Carter will long be noted for presiding over absolute failure and impotence in attempting to secure the release of Americans held hostage by Iranians.
Have to say that Reagan’s people convincing the Iranians to hold off on releasing the hostages until after St Ronnie had been sworn in does not mean Carter did wrong. The hostages came home safely. He lost an election. That does not mean he was a failure.
Unless you are one of those who thought he should have turned all of Iran into a black glass parking lot due to the bombs.
I’m one of those you believe that if you send the military on a raid, you don’t mount a half-assed embarrassment such as the one Carter authorized and oversaw.
More than anything else in the Iranian affair, that marked him as a fool.
It’s hard not to like Carter on a personal basis, but God he could be politically naive to the point of dumb.
Art –
Thanks. I have a small personal relationship with the viet nam draft as well.

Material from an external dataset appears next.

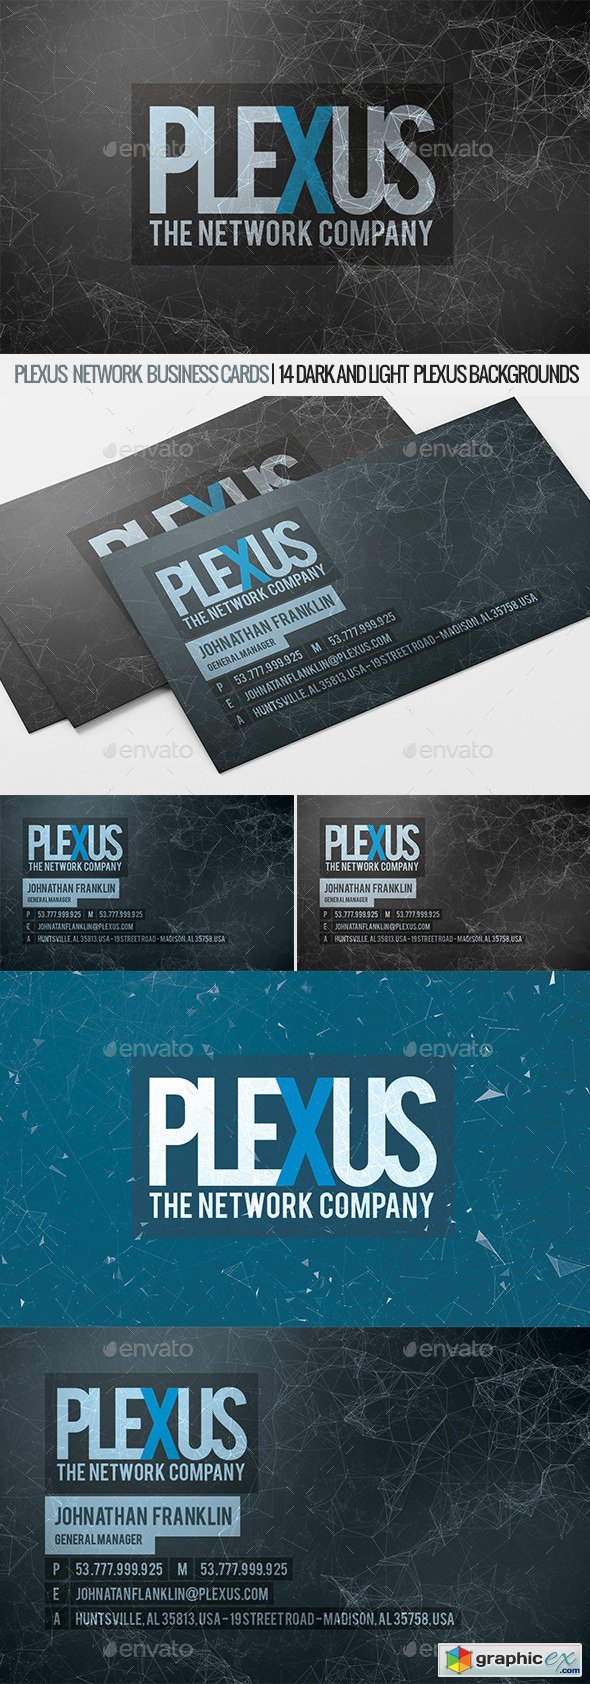 Plexus Business Cards
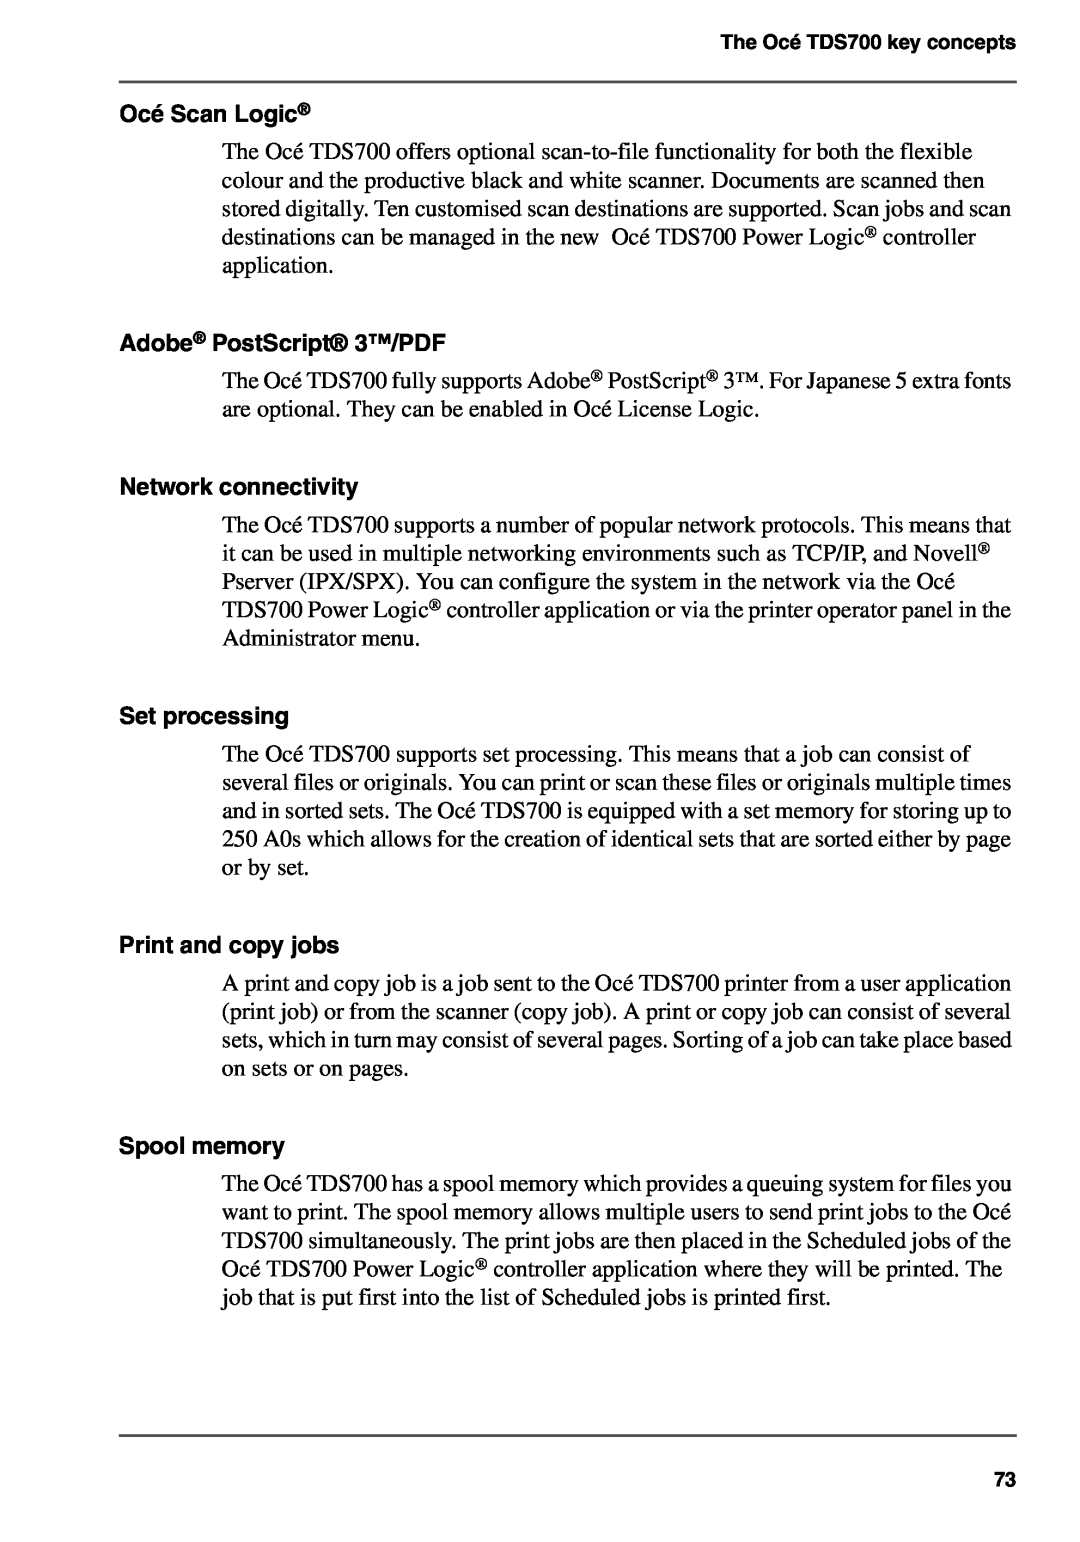 Oce North America TDS700 Océ Scan Logic, Adobe PostScript 3/PDF, Network connectivity, Set processing, Print and copy jobs

I didn’t serve (not old enough).
My uncle dodged and went to Canada. As a kid I was pretty conservative, and deeply admired Reagan and military might, which I equated with patriotism (obviously I have since come to my senses). I was very angry towards my Uncle, considering him a traitor. This from a young punk who’d never faced a physical threat more serious than a broken collar bone from a dirt bike accident.
I’ve come to admire my uncle for his decision, which given the animus showered on the draft dodgers, was pretty brave. I might feel differently if, like you, I’d served. But I agree, that going to jail would be a noble thing to do rather than fight in some insane war like the ‘Nam.
Incidentally, have you read A Prayer for Owen Meany? If as your handle suggests, you were born in 1945 and served in Viet Nam, I guarantee you that novel will bring back loads of memories.
yessir, right from his first inaugural speech, FDR was mongering war against the Great Depression.
Mad mongerer!!
Yes, well, when you declare war on something, that something tends to fight back.
Is depression something that should not be fought against? Or does its resistance serve to discourage you?
Hoover and FDR created the Great Depression.
The economic contraction of 1920/21, following the spending and borrowing binge so Wilson could fight WW1, was more severe than the crash of 1929. Yet Mellon did nothing. He allowed the liquidation to occur, and allowed assets to be transfered for the unproductive to the productive. Within months the economy was on a sound footing and real production was rising.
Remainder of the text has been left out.